Japanese bank opens doors for business in Burma

The first foreign bank to operate in Burma for decades officially opened the doors of its Rangoon branch on Wednesday. Central Bank governor Kyaw Kyaw Maung described the opening of Japan’s Bank of Tokyo-Mitsubishi UFJ, or BTMU, as a “new milestone”, adding he hoped that it would strengthen the economy by providing more investment and business financing.

Read more:

Massive coal-fired plant for Mon State

A US$2.3 billion coal-fired power plant is set to be built in Mon State under a new deal between the Toyo-Thai Corporation and Burma’s Ministry of Electric Power. The 1,280-megawatt plant at Ye Township will supply electricity to Burma’s national grid, and will be powered by four million tonnes of coal to be imported annually, according to Myanmar Business Today.Construction of the project is expected to take from four to six years.

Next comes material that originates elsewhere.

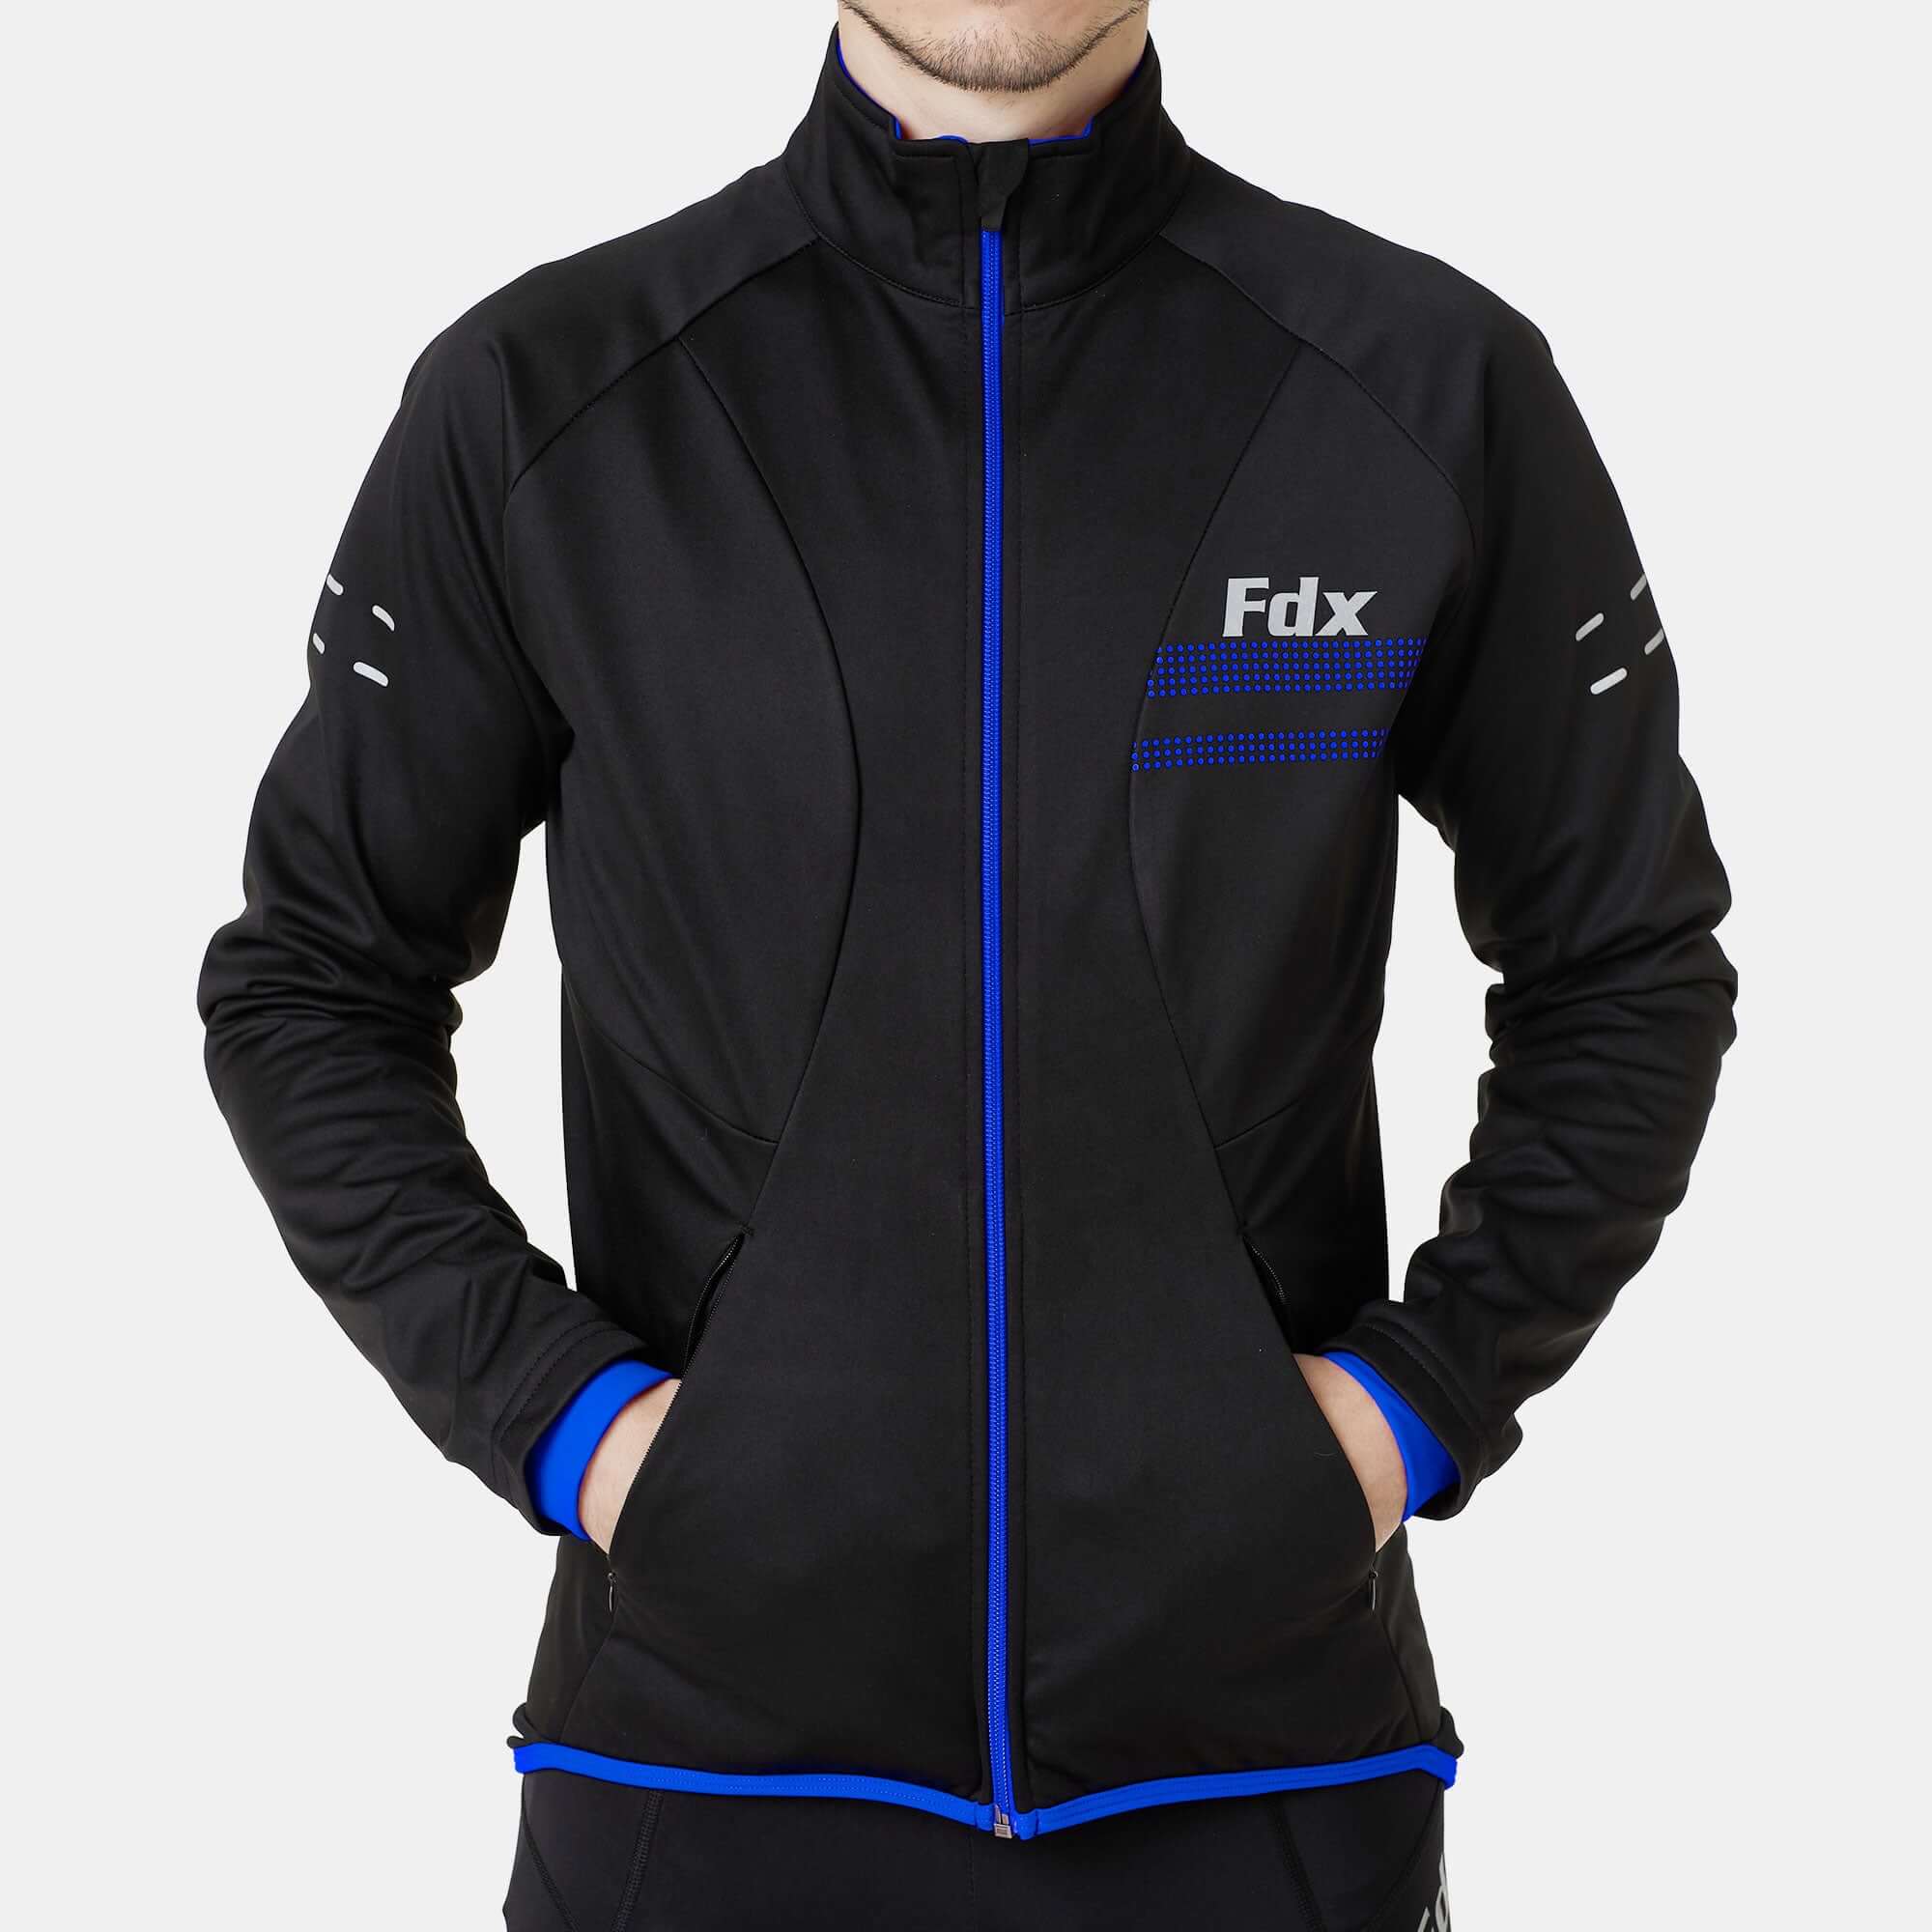 Fdx Men's Windbreaker Cycling Black & Blue Jacket for Winter Thermal Casual Softshell Clothing Lightweight, Windproof, Waterproof & Pockets - Arch
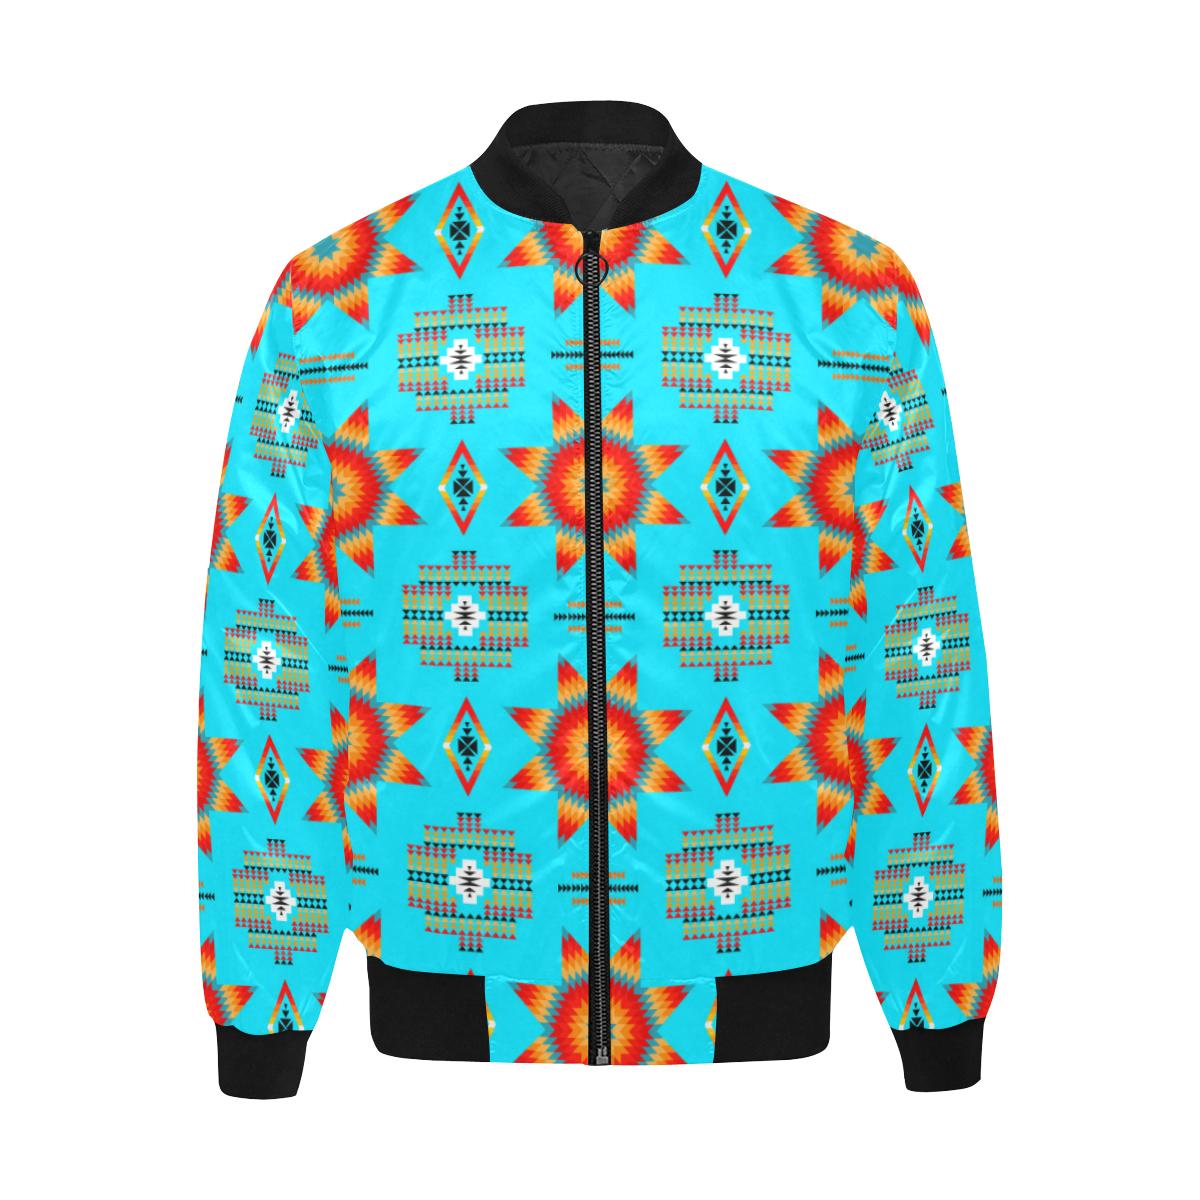 Rising Star Harvest Moon Unisex Heavy Bomber Jacket with Quilted Lining All Over Print Quilted Jacket for Men (H33) e-joyer

Burma still has low levels of energy access and relies mostly upon wood and charcoal for its energy supply (PHOTO: wikicommons)
Four million tonnes of coal will be imported annually to fire the new Mon State power plant.  (Photo: WikiCommons)

Twelve private hospitals for Burma from Indonesian giant

Indonesia’s Lippo Group are planning to open twelve state of the art hospitals in Burma, the corporation’s deputy chairman James Riady announced at the World Economic Forum in Jakarta on 20 April. The cost is expected to total US$400-500 million, and the hospitals will be privately run under the private Siloam Hospitals group, according to Indonesian press reports. James reportedly cited Burma’s large population and plentiful resources as reason for the investment.

Burma’s flooding of tin market leads to global price drop

Burma’s productivity in tin mining has contributed to a global drop in the price of the metal, reaching a five-and-a-half year low as it plummeted nine percent last week, according to Dow Jones Business News. Burma’s supply of iron ore has gone from nothing to around 21,000 tonnes annually in just a few years, most of which goes to China. A global limit on exports has been implemented to halt the drop, as the increase in supply from outstrips the rising demand.